我没有使用包含所有可能位值的大 table,而是使用 UNPK 将半字节隔离为一个字节。这允许我 AND 关闭区域部分,然后使用剩余的半字节作为本地数组字符串的偏移量,该字符串长度为 4 个字节,表示半字节的二进制值。这是第一次通过,但这是我的第一个想法。
如果我真的这样做,我可能会使用 EX 指令和 TM 来测试每个位,并简单地将“1”或“0”添加到字符位表示中。它将保存另一个字符数组。
为了使其更有用,可以对其进行优化以接收 3 个参数,即源字符串、其长度和指向输出缓冲区的指针。

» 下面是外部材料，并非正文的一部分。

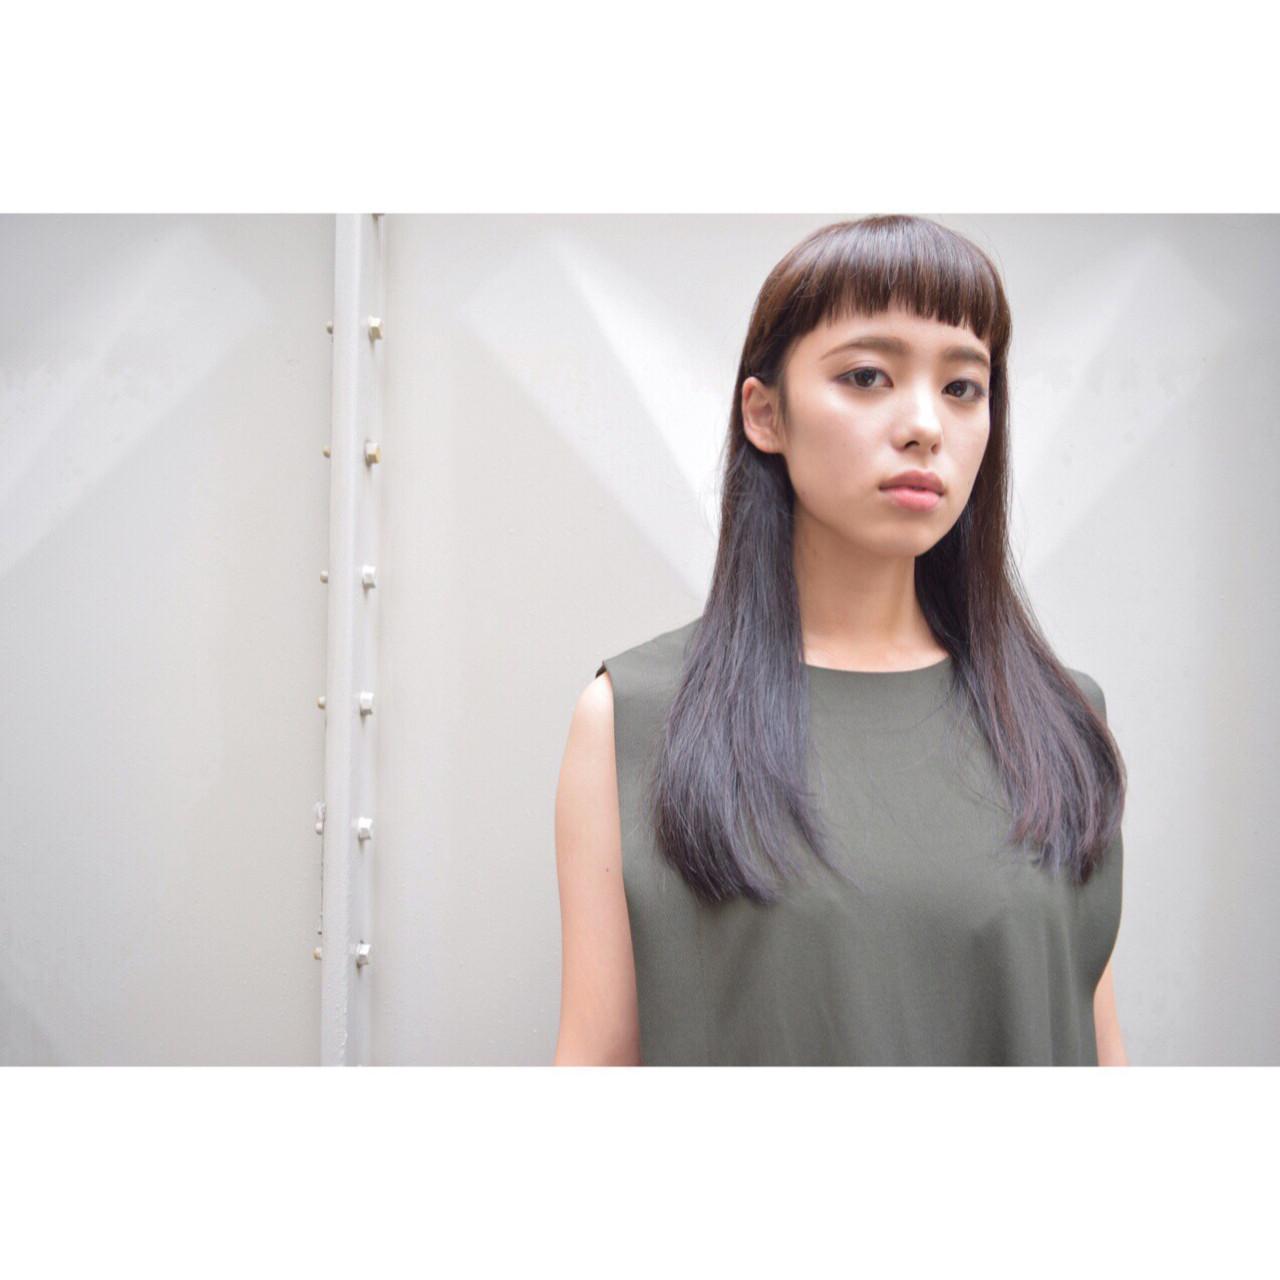 モード ロング ナチュラル オン眉 ヘアスタイルや髪型の写真・画像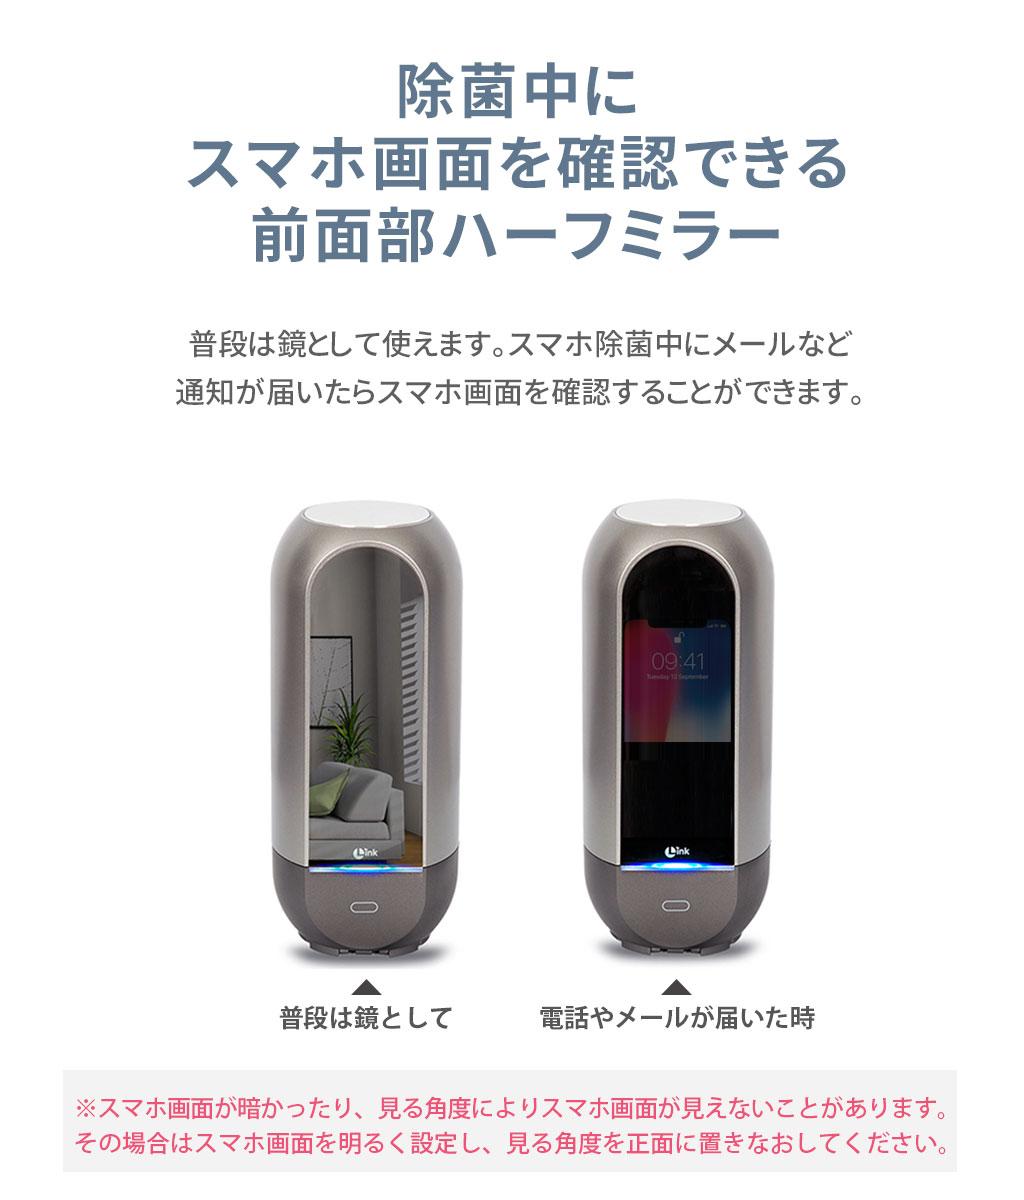 【沸騰ワード10で紹介されました】LINK UV+オゾン スマホ除菌器 LK18735

制作整个东西 re-entrant 就不需要本地存储了。
我认为这符合您的挑战。
测试字符串是 C"123ABC",输出结果是
F 1 F 2 F 3 C 1 C 2 C 3
1111 0001 1111 0010 1111 0011 1100 0001 1100 0010 1100 0011
PRINT NOGEN
* ------------------------------------------------------------------- *
* *
* C2B *
* *
* @author Hogstrom *
* *
* Process a set of bytes and convert to a displayable '1' and '10' *
* to represent the binary value. *
* *
* ------------------------------------------------------------------- *
R0 EQU 0
R1 EQU 1
R2 EQU 2
R3 EQU 3
R4 EQU 4
R5 EQU 5
R6 EQU 6
R7 EQU 7
R8 EQU 8
R9 EQU 9
R10 EQU 10
R11 EQU 11
R12 EQU 12 * Base Register
R13 EQU 13
R14 EQU 14
R15 EQU 15
*
ASMSKEL CSECT
STM R14,R12,12(R13)
LR R12,R15
USING ASMSKEL,R12
*
ST R13,SaveArea+4
LA R0,SaveArea
ST R0,8(R13)
LA R13,SaveArea
*
OPEN (SYSOUT,(OUTPUT))
*
LA R2,L'TEST1 Length of bytes to convert to binary
LA R3,TEST1 Source address of bytes to convert
LA R4,LINE Where to place the translated bits
BYTELOOP DS 0H
UNPK NIBBLE,0(2,R3) unpack two bytes, ignore the second
NC NIBBLE,=X'0F0F' Turn off zone as its not needed
SR R5,R5 Clear Bit Offset Register
IC R5,NIBBLE Grab offset
SLL R5,2 and multiply by 4
LA R6,CHARBITS
AR R6,R5 add offset to correct bits
MVC 0(4,R4),0(R6) move them
*
LA R4,5(R4) Increment to the next section
SR R5,R5 Clear Bit Offset Register
IC R5,NIBBLE+1 Grab offset
SLL R5,2 and multiply by 4
LA R6,CHARBITS
AR R6,R5 add offset to correct bits
MVC 0(4,R4),0(R6) move them
LA R4,5(R4) Increment to the next section
LA R3,1(R3) Move to next Byte
BCT R2,BYTELOOP
*
FINISH DS 0H
PUT SYSOUT,OUTREC
CLOSE SYSOUT
*
L R13,SaveArea+4
LM R14,R12,12(R13)
XR R15,R15
BR R14
*
SYSOUT DCB DSORG=PS,MACRF=(PM),DDNAME=SYSOUT, *
RECFM=FBA,LRECL=133,BLKSIZE=0
*
NIBBLE DS C' ' Second byte is ignored
*
TEST1 DC C'123ABC'
DC C' ' Filler Byte to accomodate UNPK
*
OUTREC DC 0CL133
ASA DC C' '
LINE DC CL132' '
*
SaveArea DS 18F
LTORG
CHARBITS DS 0H
DC C'0000'
DC C'0001'
DC C'0010'
DC C'0011'
DC C'0100'
DC C'0101'
DC C'0110'
DC C'0111'
DC C'1000'
DC C'1001'
DC C'1010'
DC C'1011'
DC C'1100'
DC C'1101'
DC C'1110'
DC C'1111'
END
在 z/OS 程序集中将字节转换为其位表示的最佳方法是什么?
例如X'3A'变成CL8'00111010',类似于COBOL中的内在函数BIT-OF或者Rexx'X2B?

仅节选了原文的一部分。